On AMD64/Linux, When strlen() is expanded, if the argument to strlen comes from
a source like strdup() or other functions returning allocator generated
pointers, the expanded strlen() makes an assumption about the alignment of the
char array.

Expanded strlen():

  callq  0x4011e0 <strdup>

  mov    %rax,%rsi
  mov    %rax,%rdx

  mov    (%rdx),%ecx
  add    $0x4,%rdx
  lea    -0x1010101(%rcx),%eax
  not    %ecx
  and    %ecx,%eax
  and    $0x80808080,%eax
  je     0x40109a <main+58>

If the input argument is not 4-byte aligned, the "mov (%rdx),%ecx" can read up
to 3 bytes off the end of the allocated array.
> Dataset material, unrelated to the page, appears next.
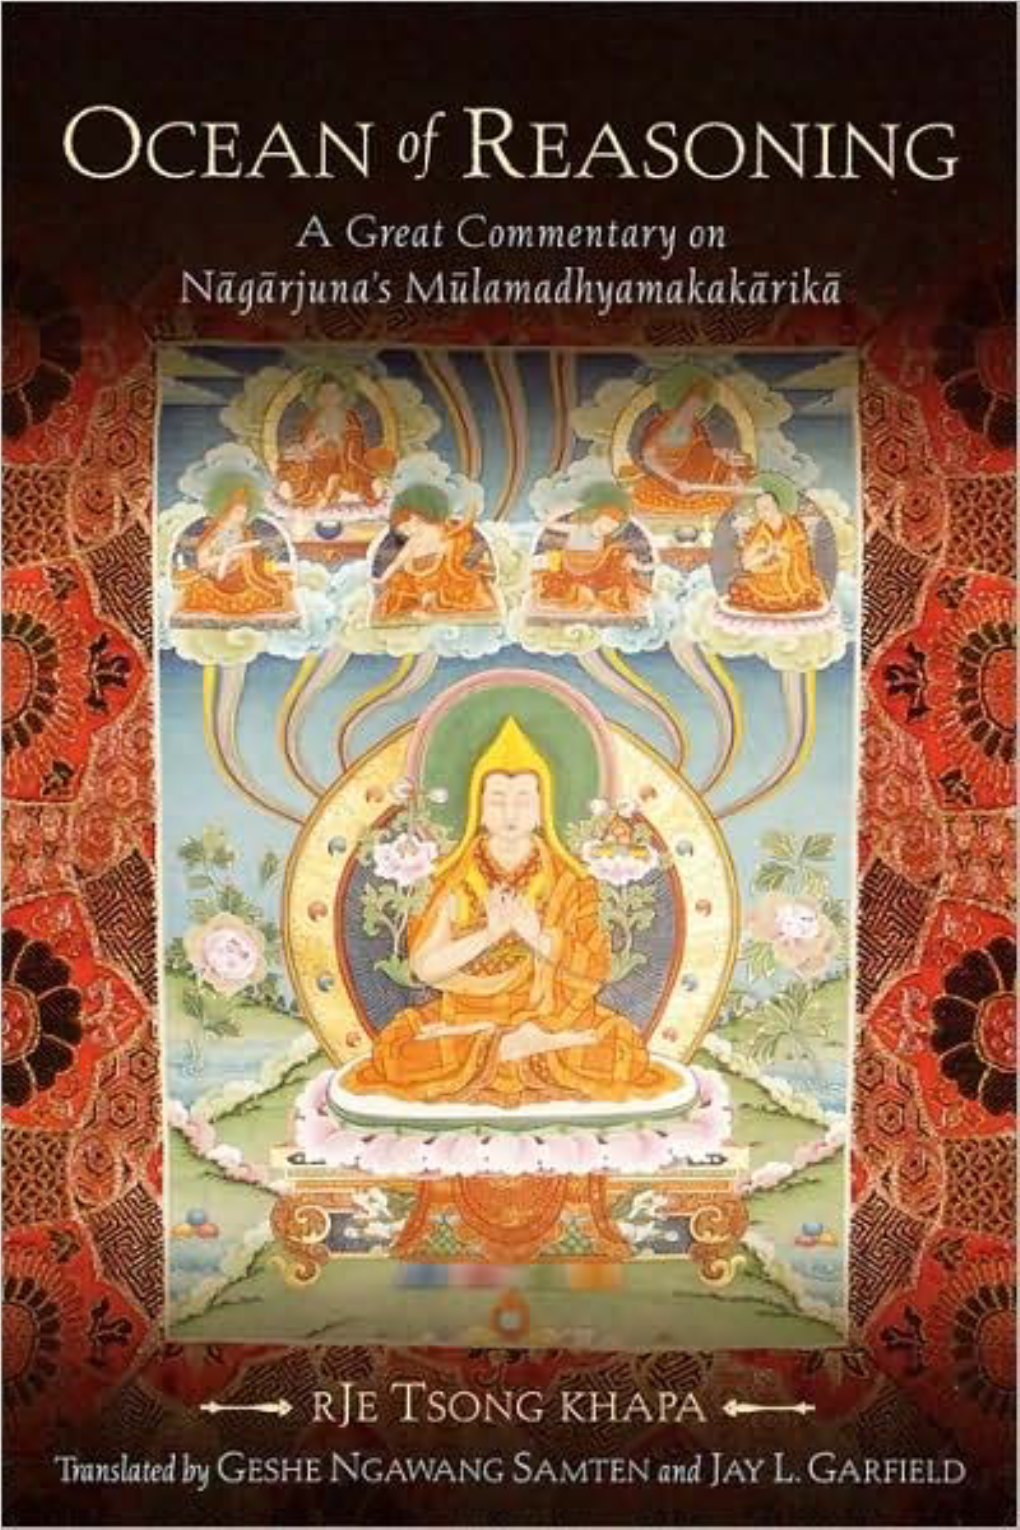 Ocean of Reasoning: a Great Commentary on Nagarjuna's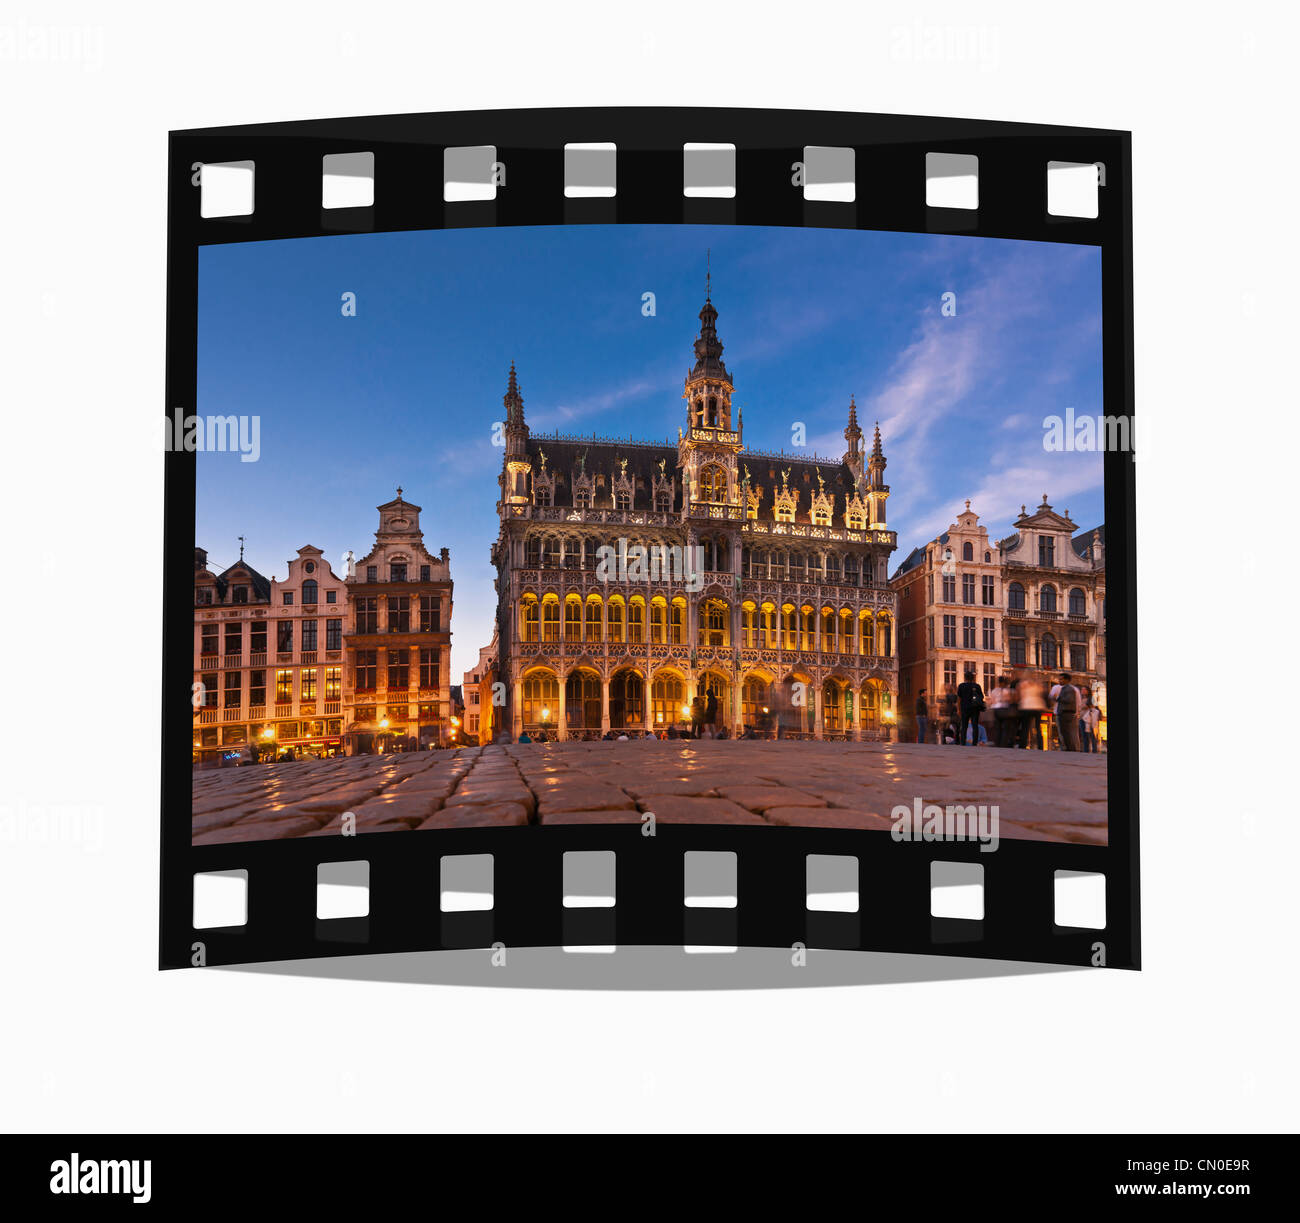 Filmstrip: Grand Place, market square with baroque guild houses and Kings house, Brussels, Belgium, Europe Stock Photo

Testing with GCC 9.2.1 this expanding behavior can be trigger with -O2 and -O3.
 On git HEAD (c56871dd15a258c8775740194e6ed960a1f3d850) it requires the
'-minline-all-stringops' flag and -O2 / -O3.

Reproduction:



#include <stdio.h>
#include <sys/mman.h>

#define PAGE_SIZE       4096
#define ALIGN_SIZE(x) (((x) + PAGE_SIZE - 1) & ~(PAGE_SIZE - 1))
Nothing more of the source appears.